Figure 4b,c also present the IFT profile after 0.05 PV of AS slug and water viscosity profile after 0.05 PV of the first polymer slug, respectively. Firstly, the IFT value can be definitely reduced to very low value, about 0.002 dyne/cm, expressing the expected design of alkali and surfactant ratio on dealing with the IFT value. Secondly, the first polymer solution viscosity can reach approximately 16 cp, compared to the design of the practical Gudong field for this slug—16.5 cp—demonstrating that the chemical properties and chemical designs of this study tightly follow the typical design of the considering real project.

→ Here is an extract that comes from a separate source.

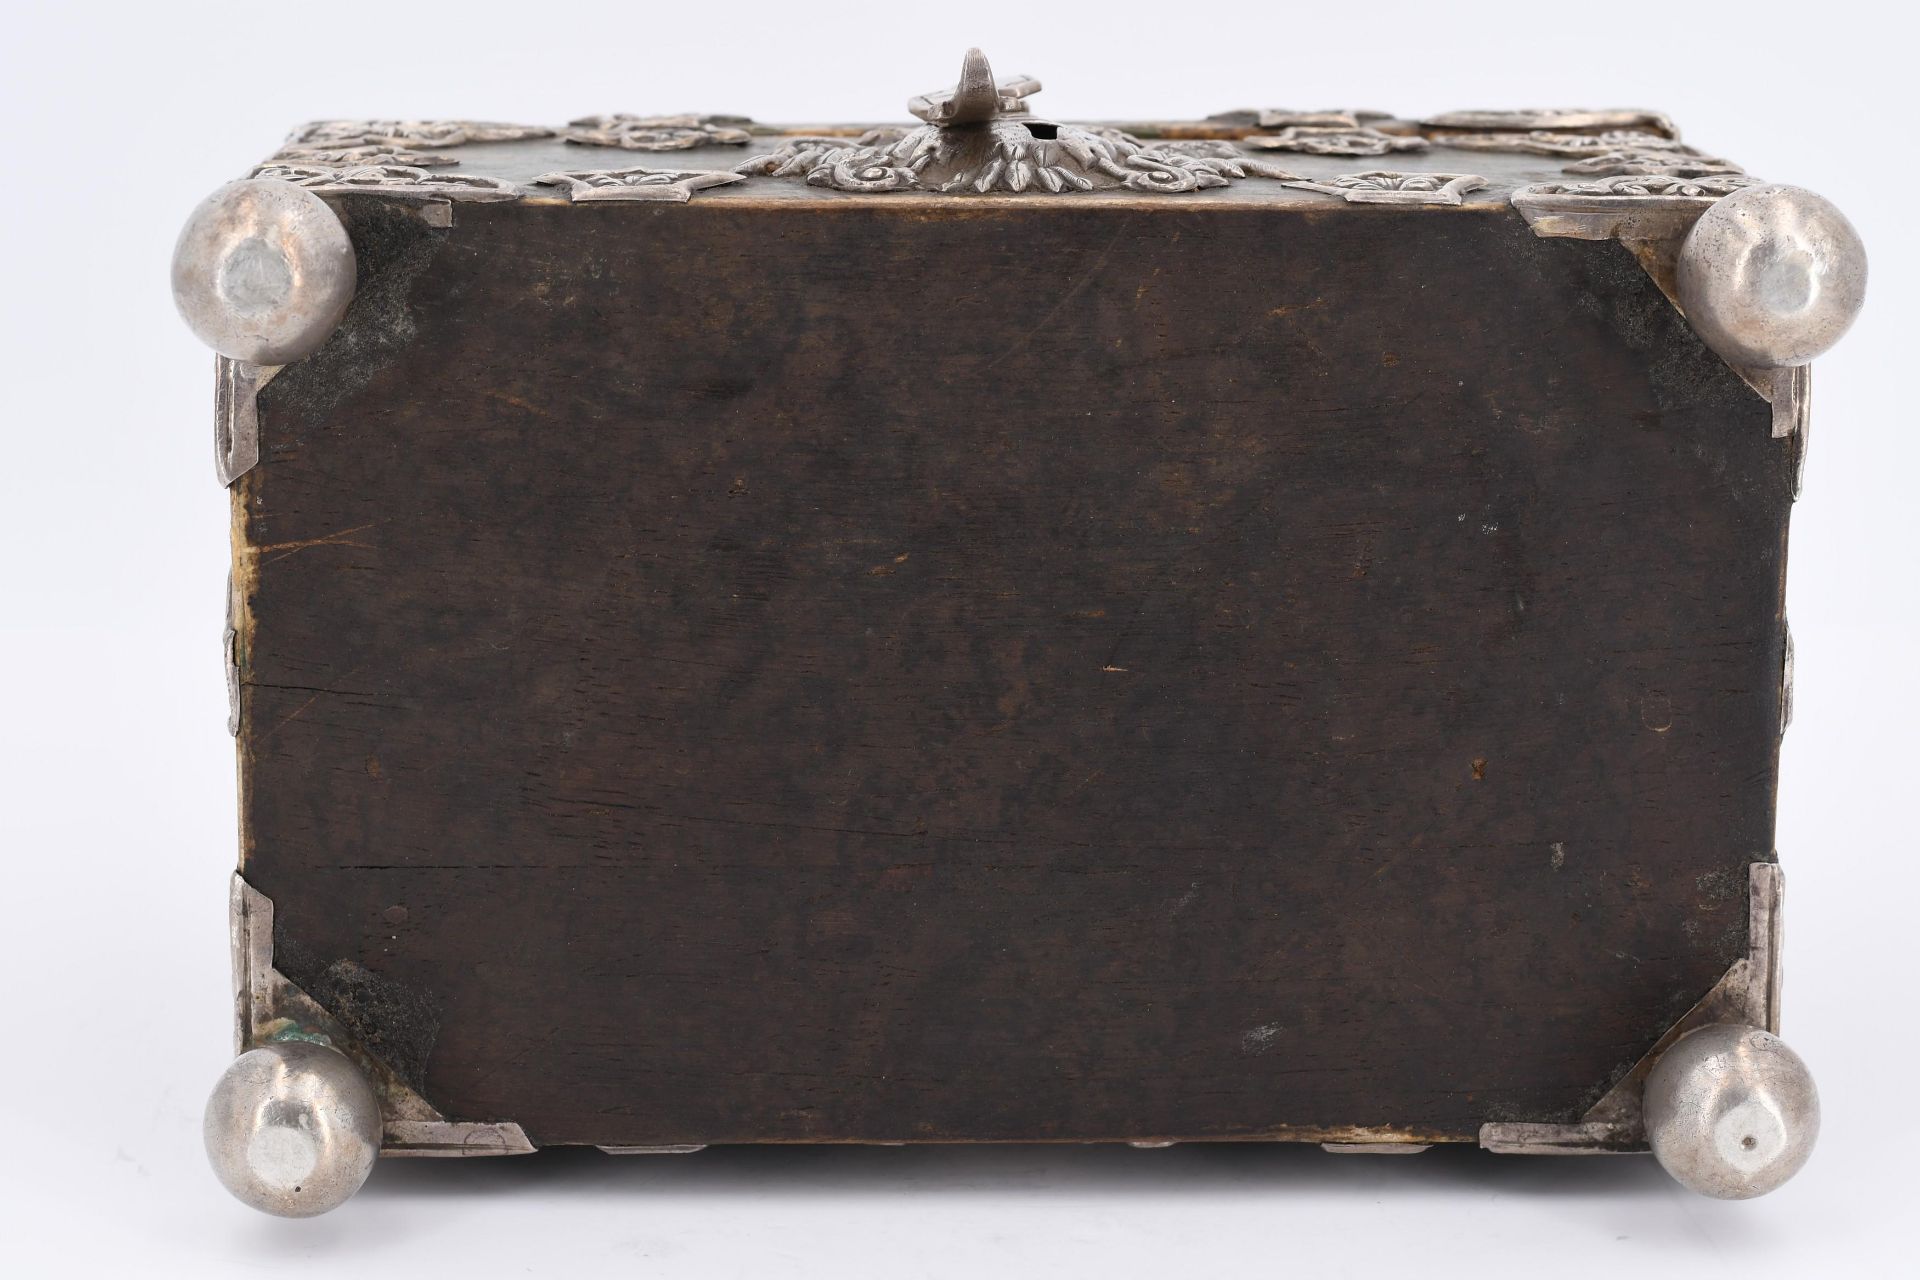 Small wooden casket with silver fittings - Image 6 of 6

5.2. ANN Model—Generation and Validation

From 988 samples, three different network schemes were trained to verify the validation of data division to select the optimal network that can adapt the training data most appropriately and estimate accurately a significant number of samples. Figure 5 and Figure 6 compare the three schemes in terms of the error charts with the number of epochs and determination coefficient, respectively. Principally, the adequate division of data is recognized as the error curves of the validation set and the testing set has a similar optimal point, which indicates the minimal error of the network system after a number of iterations (epochs). From Figure 5, the appropriate divisions of data for three schemes can be visualized easily because their performance of validation and testing curves have similar characteristics. In particular, the optimized epochs are similar between schemes. The large error diagrams also highlight the quality of the training processes by describing the distribution of the instances following the difference between the simulated and estimated output values.
Quantitatively, the root mean square errors of the three schemes are 2.63%, 2.46%, and 2.51% for the cases of 60%-20%-20%, 55%-20%-25%, and 50%-20%-30%, respectively. The verification results evidently express the quality of the sample data and the success of the learning machine because the three cases gave errors of less than 3% in training, validation and testing. In particular, even in the scheme using only 50% data for training (494 data points), the R2 value of a blind estimation (30% data points) can still reach 0.977, indicating the acceptability of the network. Furthermore, as the errors of the blind data points are sufficiently low for different schemes, the network with the larger number of testing data should be selected for further steps as a most optimal network compared to the others. Table 4 lists the weights and biases of the network for the selected scheme. Once the pattern of the network has been determined, it will be used compute for further applications such as sensitivity, feasibility or optimization studies. These applications will be discussed in the upcoming part of the work for a specific economic condition.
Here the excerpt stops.